SACRAMENTO, Calif. — Millions of Californians each year look for ways to quit smoking, and in 2018, James Hall was one of those people.“When I saw my youngest daughter pick up a cigarette butt and put it up to her lips, that’s when I made the final call to quit cigarettes,” Hall said.
Along with his daughter, Hall attributes vaping as a big reason he no longer smokes cigarettes — and part of the reason he has worked in the vaping industry, helping others kick the habit.
“I really enjoyed finding customers that come in and wanting to quit. So talking with them, filling in all the blanks they have, as well as questions and having a good experience for them.”
Hall is now a former manager at the recently closed Vape Sanctum in Sacramento. The county in late July banned the sale of flavored tobacco, which makes up nearly 50% of sales for many vape stores, including Vape Sanctum, making it untenable for the mom-and-pop store to stay in business.
“The banning of disposables and flavored nicotine, it completely crushed us,” Hall said.
The California Health Department reports close to 60% of people who smoke, smoke flavored tobacco. It’s closer to 80% when you look at people who vape. The department also said flavored tobacco appeals to children, posing a public health risk.
Hall said the closing is a little more bittersweet considering less than a mile up the road a new vape store opened earlier in the year, and because it’s outside county lines, it can sell flavored tobacco.
“If I actually owned a shop and had to close my store, but a location across the road didn’t have to because they fell under different county lines, would I be a little upset? Yes. But location, location, location.”
Come November, though, the location may not be a savior as Californians will head to the polls and vote whether to enact Proposition 31, a statewide ban on flavored tobacco.
Jim Knox, with the American Cancer Society Action Network, has been campaigning for the statewide ban for years. He said it’s sorely needed as it will save countless lives.

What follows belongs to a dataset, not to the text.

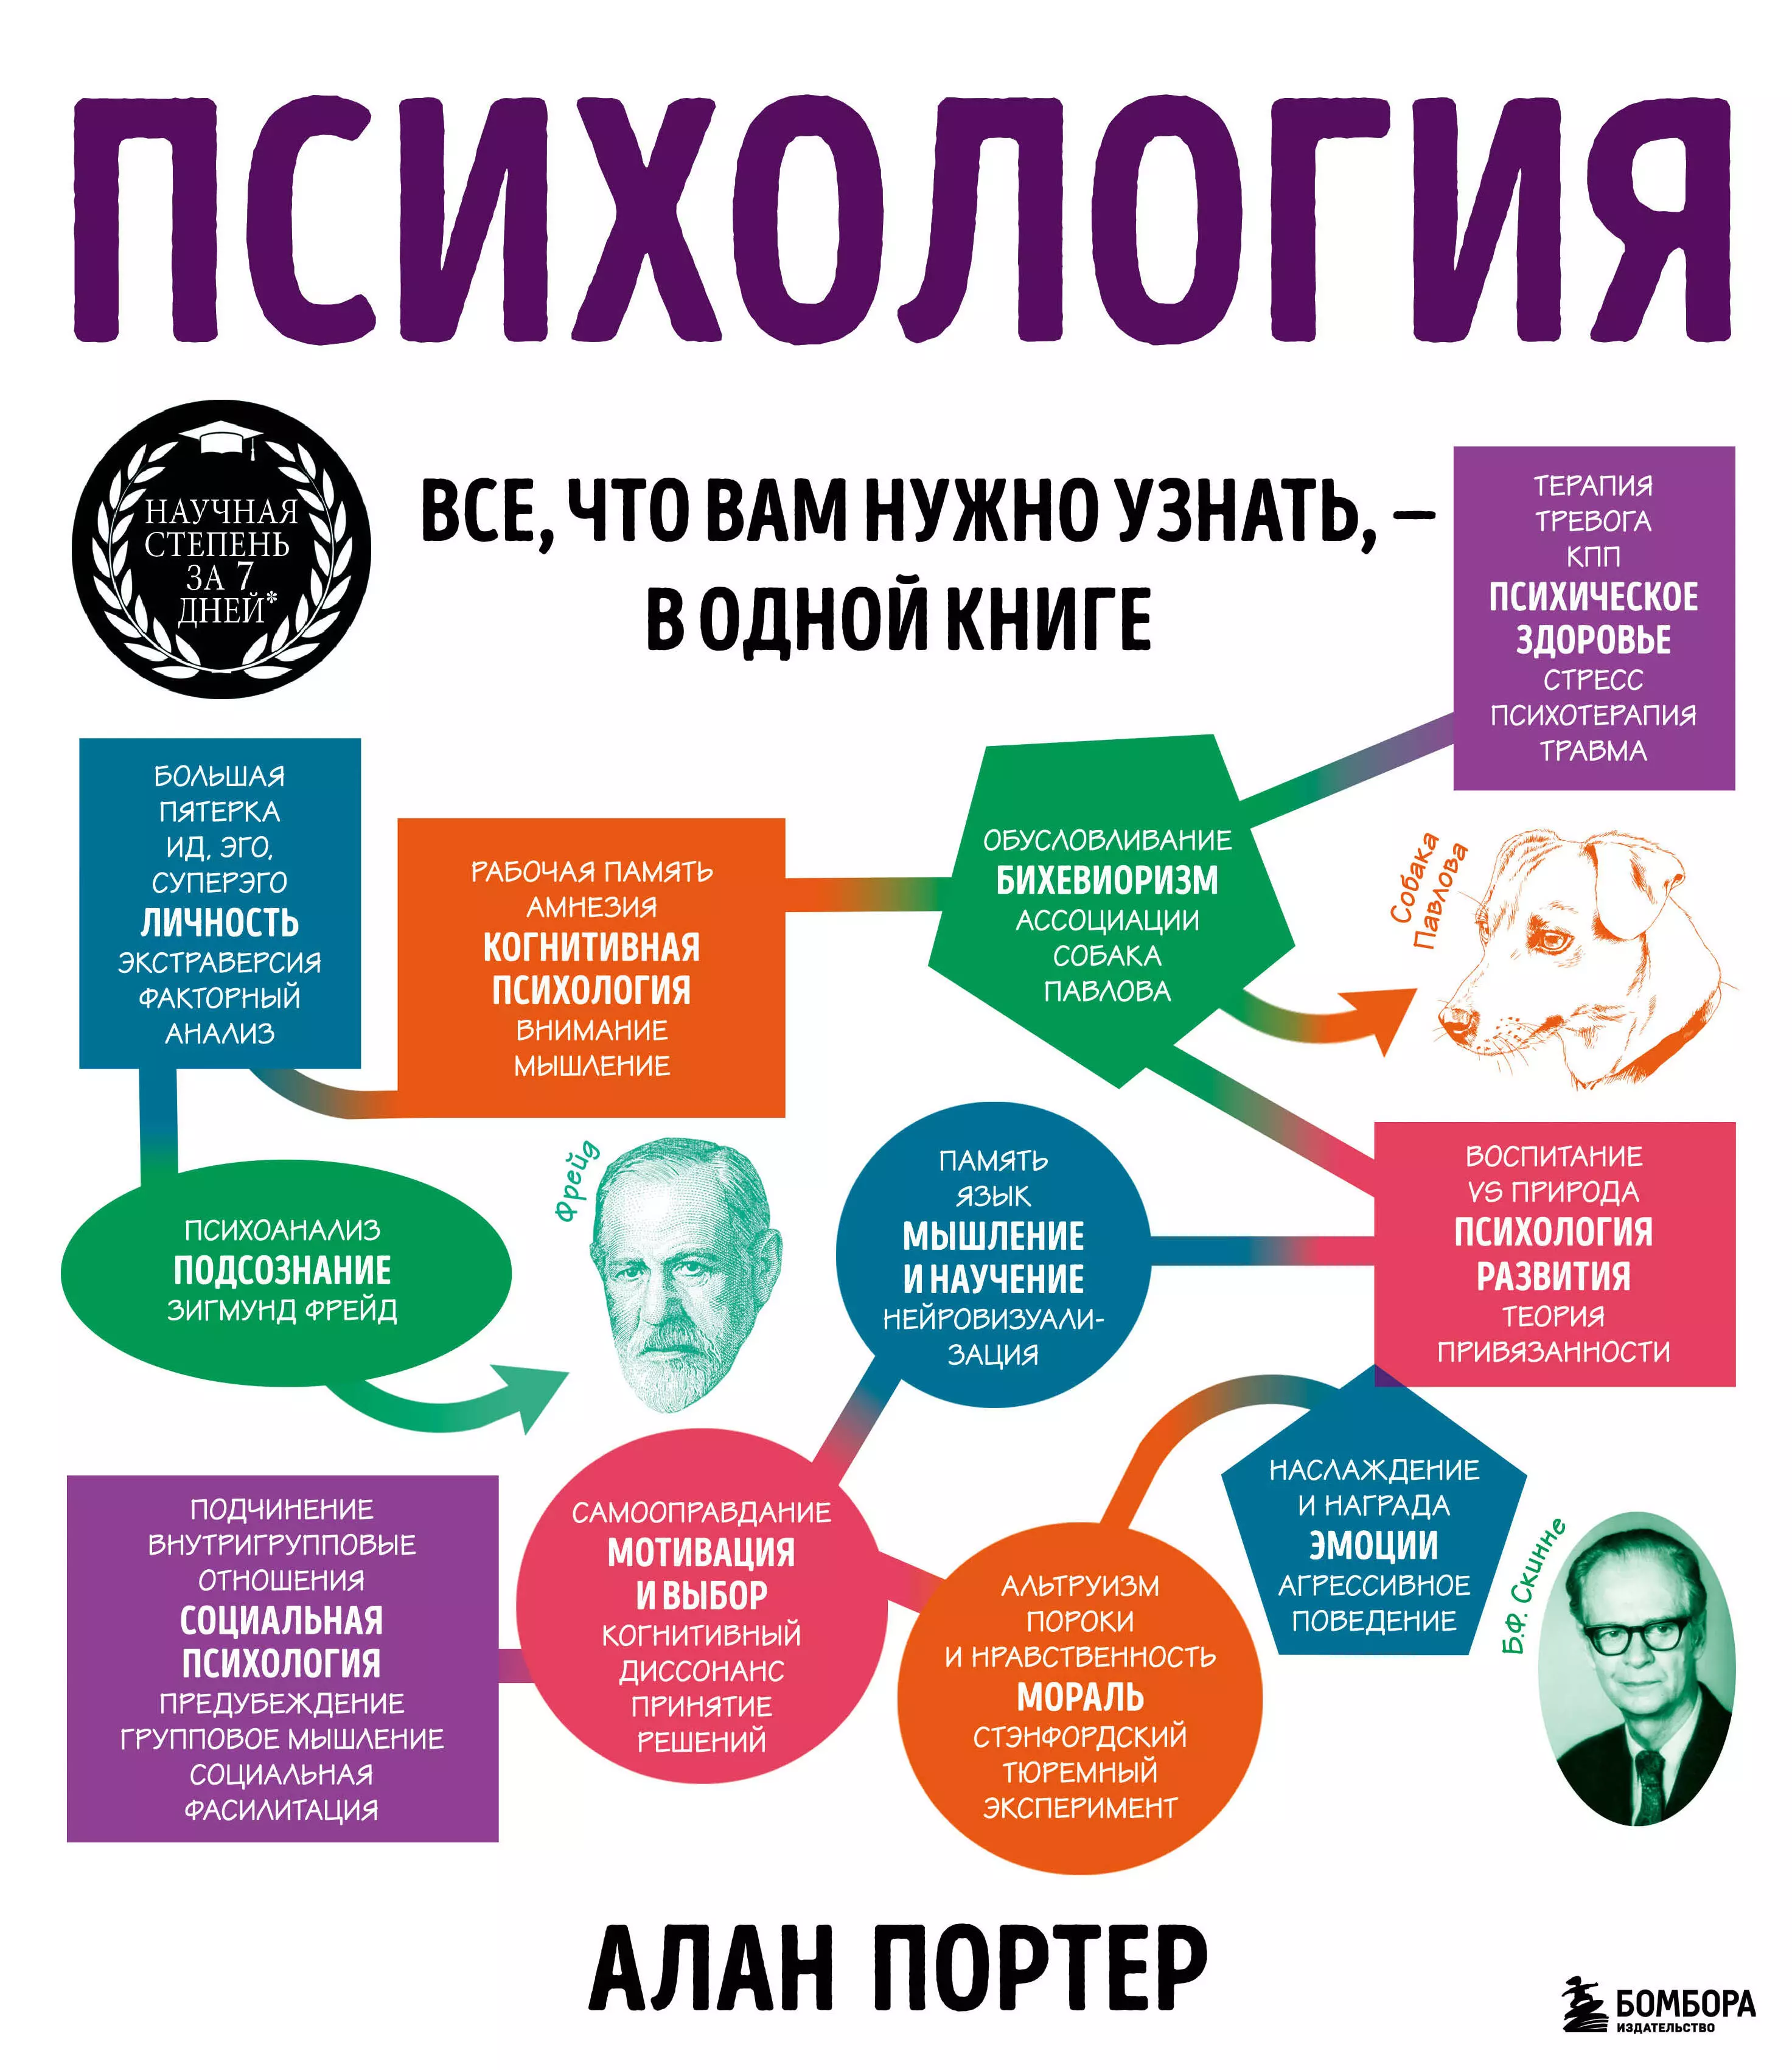 амелина русский язык все что вам нужно знать для егэ Психология. Все, что вам нужно знать, - в одной книге
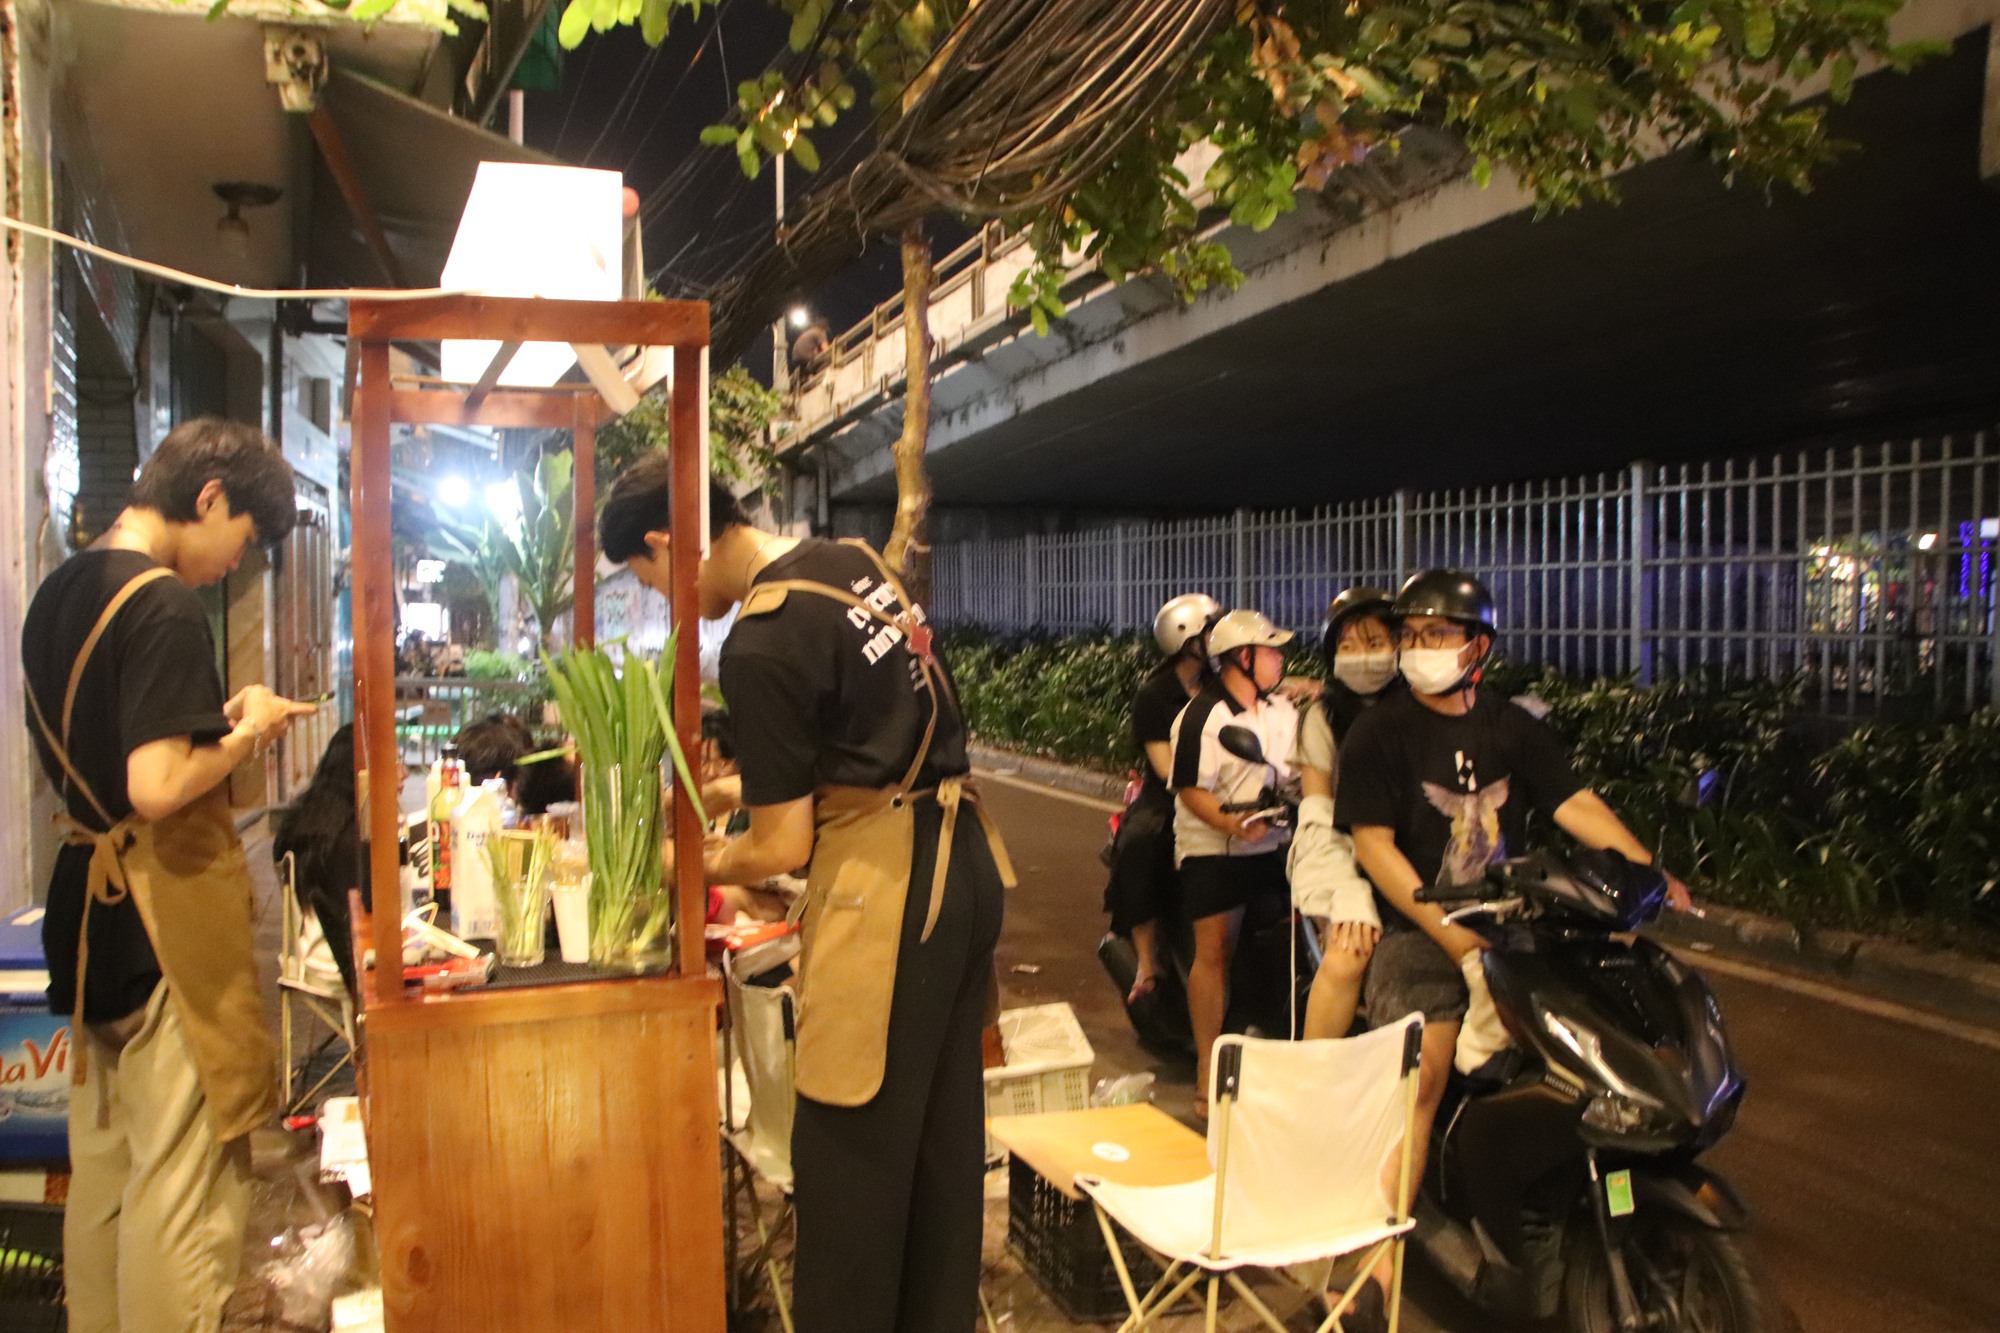 Bán cà phê đựng trong ống tre, mỗi ngày ông chủ GenZ ở Sài Gòn tất bật pha gần 250 ly  - Ảnh 5.

“The CDC now says we have a youth vaping epidemic in this country. We’ve got 2 million youths using these products. So it’s absolutely essential if we want to avoid a whole new generation of kids becoming addicted to nicotine that we remove flavored tobacco products from the shelves."
Hall said he agrees with tighter regulations.
“I wouldn’t have a problem with saying yes to... regulations of all-age locations not having vape products.”